Proof: In the worst case scenario, the height of the tree is given as h = n log (N + n) - n log n, h = n.j where j is the number of Class nodes that may need balance maintenance due to the cascade phenomenon. Thus, the number of maintenance operations can, at most, reach j = log(N + n) - log n.

When comparing the number of Class nodes log(N + n) - log n to the number of Black nodes in Red Black Trees log (N + 2) - 1, it is clear that the number is decreased significantly and consequently the number of maintenance concerned nodes. This decrease in maintenance operations makes for faster updates as each operation is rather costly compared to the loss in search time.

Moreover in the overall view of performance, we find the generalized form competing with the Red Black Tree and considering various applications of such structure and environment, there is some situations where the generalized form is better.

9 Test Results

Performance of structures is one of the main debatable issues. To know the behavior of the structure doesn't suffice to tell the real threshold of its performance. This is, of course, due to the various distributions of keys it may be in contact with.

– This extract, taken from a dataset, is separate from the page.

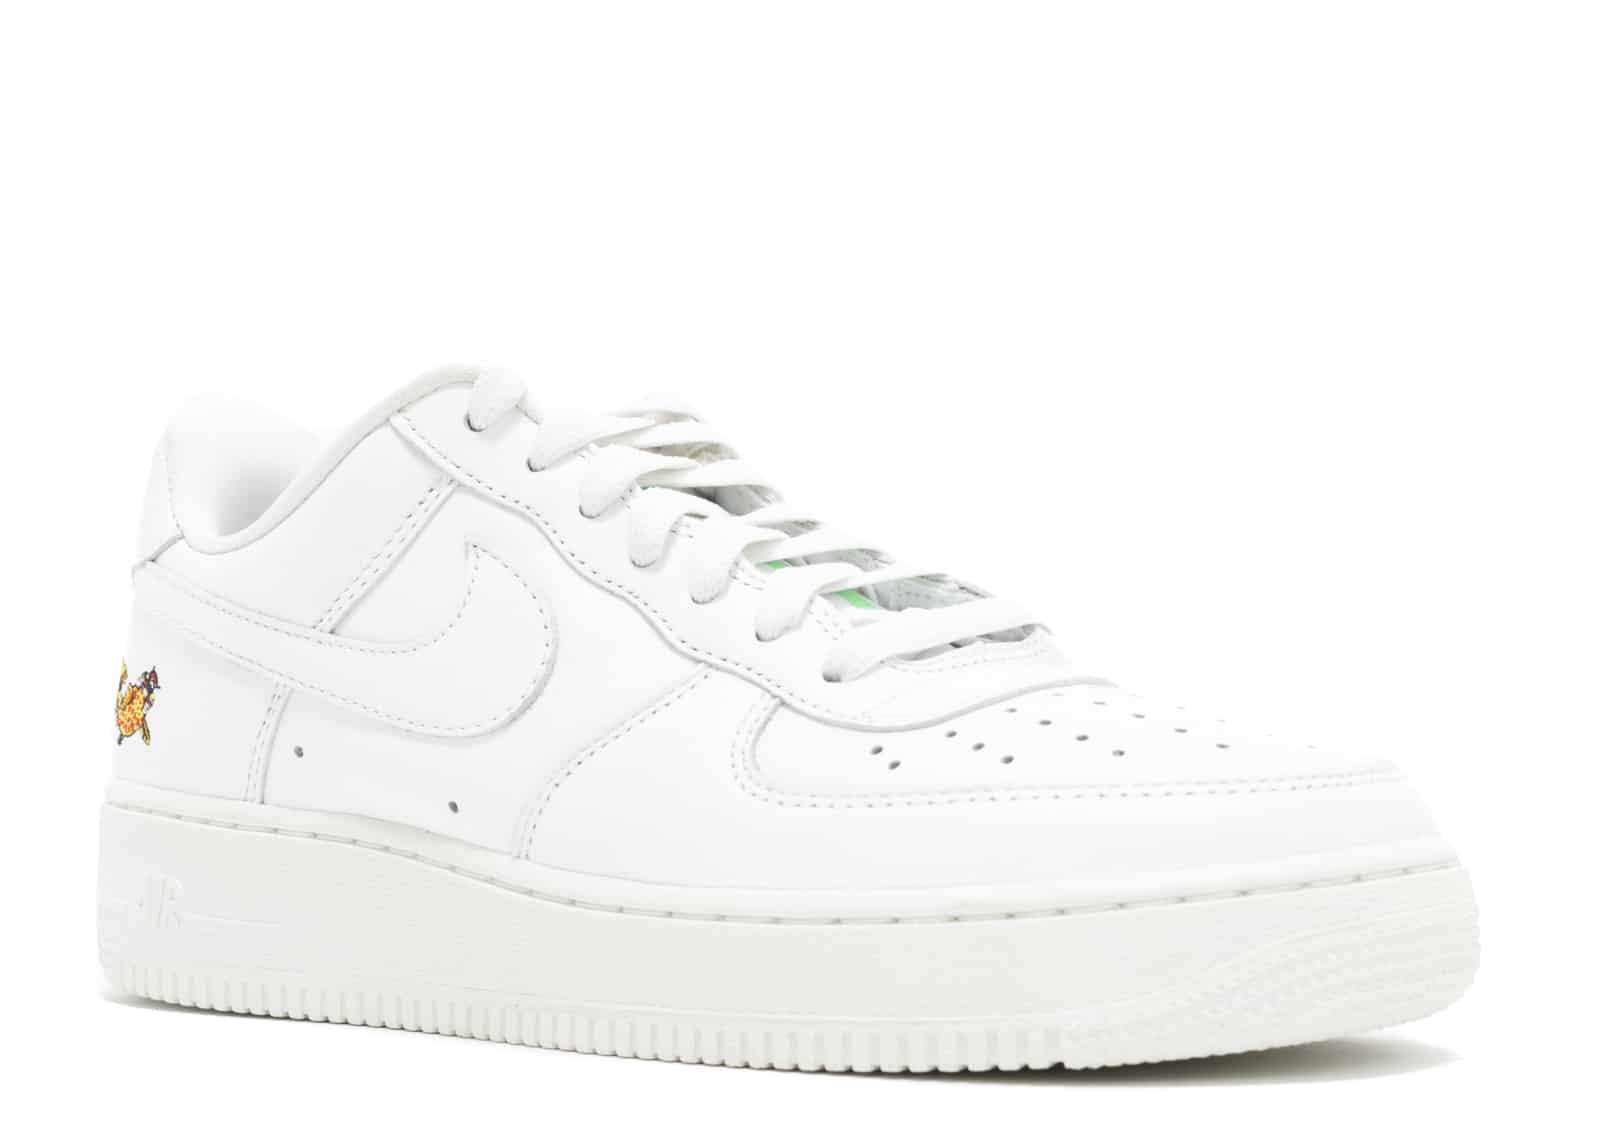 Nike's Air Force 1 NAI KE Goes

Thus, several researchers tend to define the performance through giving an estimate to the best and worst scenarios. In light of such ideology, we defined two scenarios where we believe this gives a general and relatively accurate interval of the different aspects of the generalized trees. The two scenarios are defined as follow:

— Scenario 1: we insert files of randomly generated/ordered keys of sizes N = {100, 200, 300, …, 900, 1000, 2000, 3000, …, 9000, 10000, 20000, 30000, …, 90000,100000,150000, 200000, 250000, …, 950000, 1000000}. Then we delete them.
— Scenario 2: we insert the same files as scenario 1. Then we use those files to check if each key is in the set, we delete it, else we re-insert it.

We took sets of 100 instances of experiments with each number N up to 90000 for parameter n = {2,3, ...,7} to define the structure behavior in distribution and 10 instances of experiments with 100000 ≤ N ≤ 1000000 to define the performance for bigger numbers. The results are quite interesting and define average values for search and update operations. It is expected that by losing in balance, we lose in performance.

However, the collected results show rather different observations. In fact when the keys are randomly generated, the difference in time performance is quite minimal. It is standard to define BST's performance through average and worst case height of the tree. But due to the former observation, we concluded that giving such estimate is necessary but not sufficient to define the whole story behind the performance and we tried to give/define the distribution of keys in each parameter tree.

In typical definitions of performance threshold, search time is the most important parameter as it constitutes the major part of the operations. With an almost null fail search fraction, the heights of the trees give a relatively accurate definition to this performance as it narrows the interval of expected results.

Furthermore, we observe that the search time (Fig. 9) is proportional to the height of the tree (Fig. 10). Both the search time and the height of the trees follow an exponential curve. In the case of randomly generated keys, the search time is almost the same between different parameters, the difference lies in the period of the change of the height that has a high relation to the parameter itself.

Fig. 9 Total Search Time

Fig. 10 Tree height

On the other hand, when the keys are ordered (as in the worst case), the height of the trees is increased by quite the amount provoking a loss in balance due to the change of the parameter, but the search time is almost the same. This result implies that the loss in balance doesn't affect the overall cost on the search time and that the average total search time gives a scheme to the expected average search cost. This cost is slightly the same for the various parameters.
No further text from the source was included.